Standardizing Clinical Performance Evaluation with Multimodal GenAI

About Client:

The client is a globally recognized university system specializing in postgraduate medical and nursing education. It operates one of the largest clinical simulation centers in North America, conducting thousands of high-stakes Objective Structured Clinical Examinations (OSCEs) and Simulated Patient Encounters (SPEs) every year.

Background:

In these simulations, students engage with trained actors portraying patients or, in some cases, medical mannequins used for hands-on procedures, while faculty evaluators assess their performance across both technical and interpersonal skills—from clinical accuracy and diagnosis to empathy and communication.

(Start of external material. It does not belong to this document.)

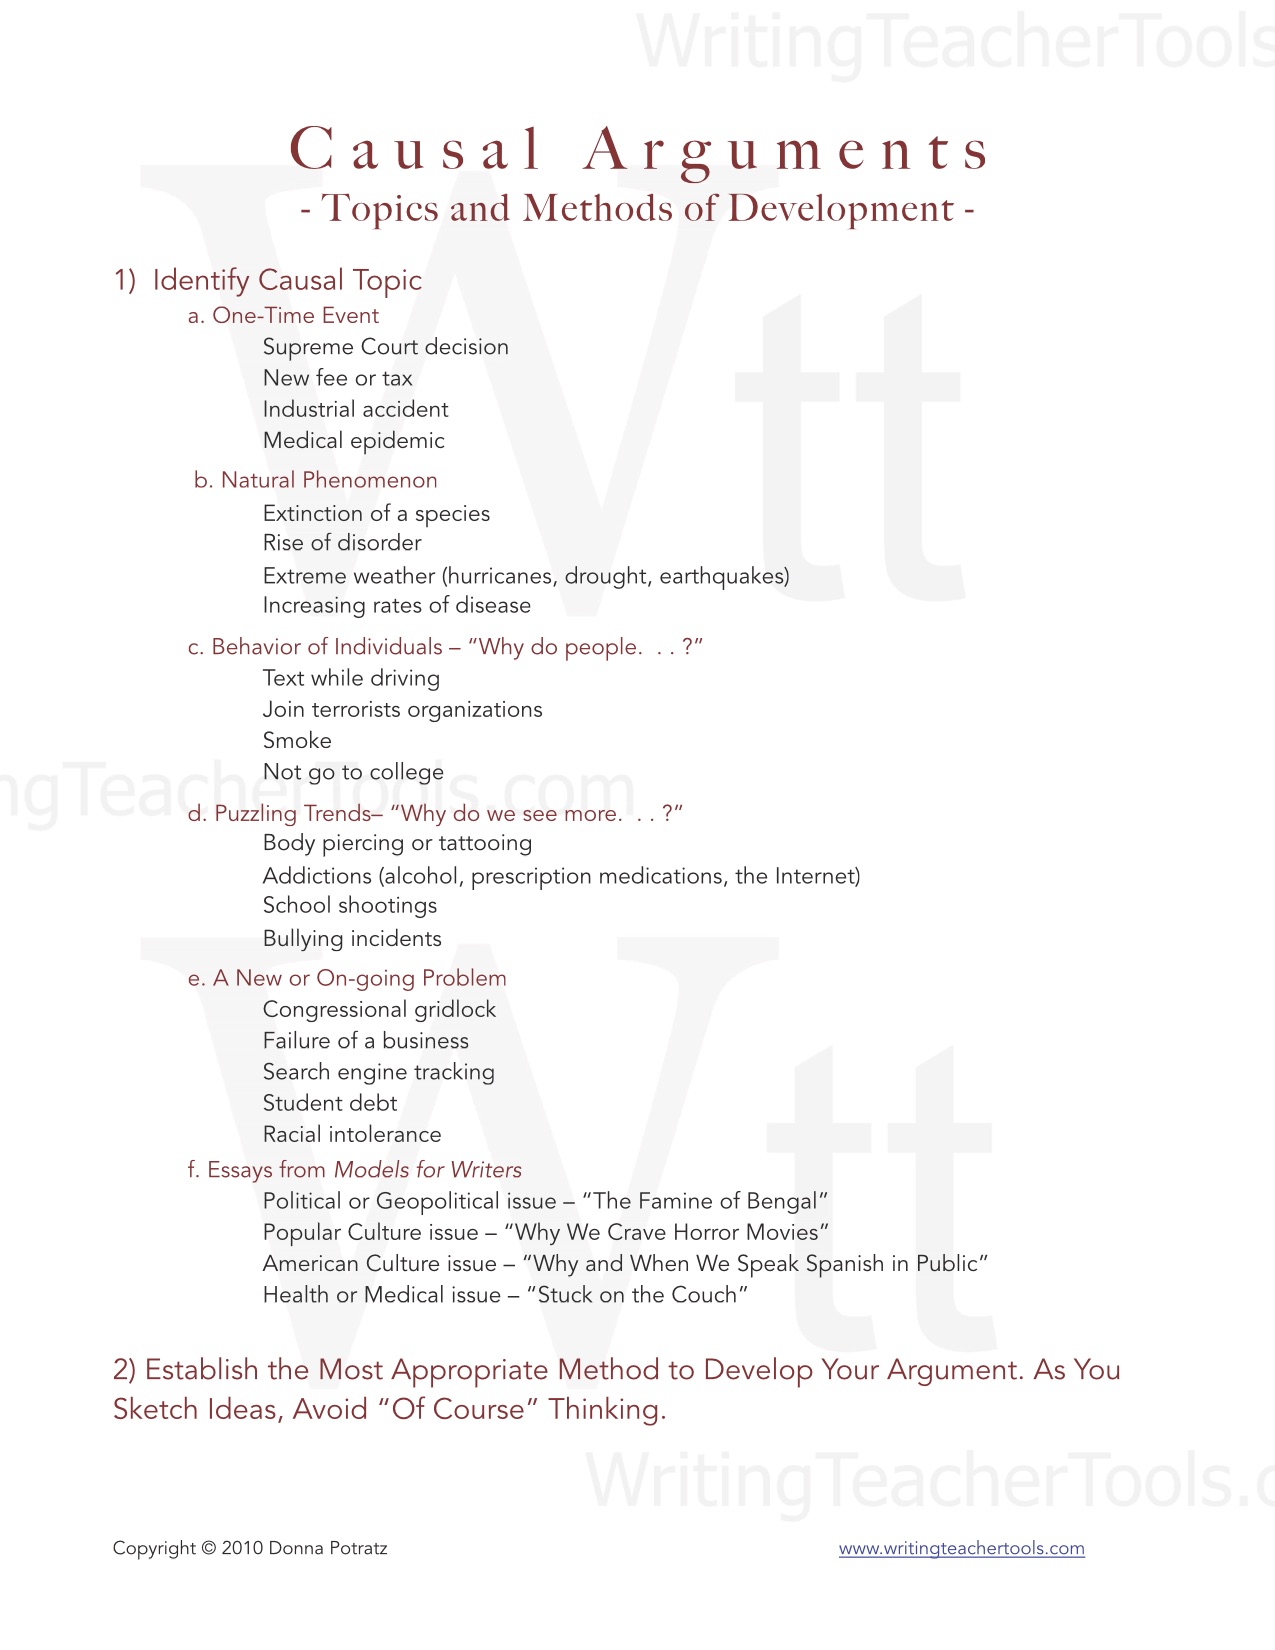 causal argument topics and methods of development

However, as enrollment grew and simulation scenarios became more complex, evaluation became increasingly burdensome. Faculty had to manually review hours of video, cross-check multiple criteria, and provide detailed feedback. With thousands of sessions conducted annually, maintaining consistency and standardization across evaluators became a significant challenge.

Challenge:

The university’s leadership sought a way to scale the evaluation process without compromising on fairness or educational quality. They faced three key pain points:

  • Manual, Time-Intensive Evaluation: Reviewing and scoring each session took 45–60 minutes, making it difficult to keep pace with growing simulation volume.
  • Lack of Standardization: Evaluation methods varied between one-on-one, multi-student, and multi-room simulations, leading to discrepancies in scoring.
  • Subjectivity in Assessing Soft Skills: Attributes like empathy, confidence, and patient engagement were prone to evaluator bias despite standardized rubrics.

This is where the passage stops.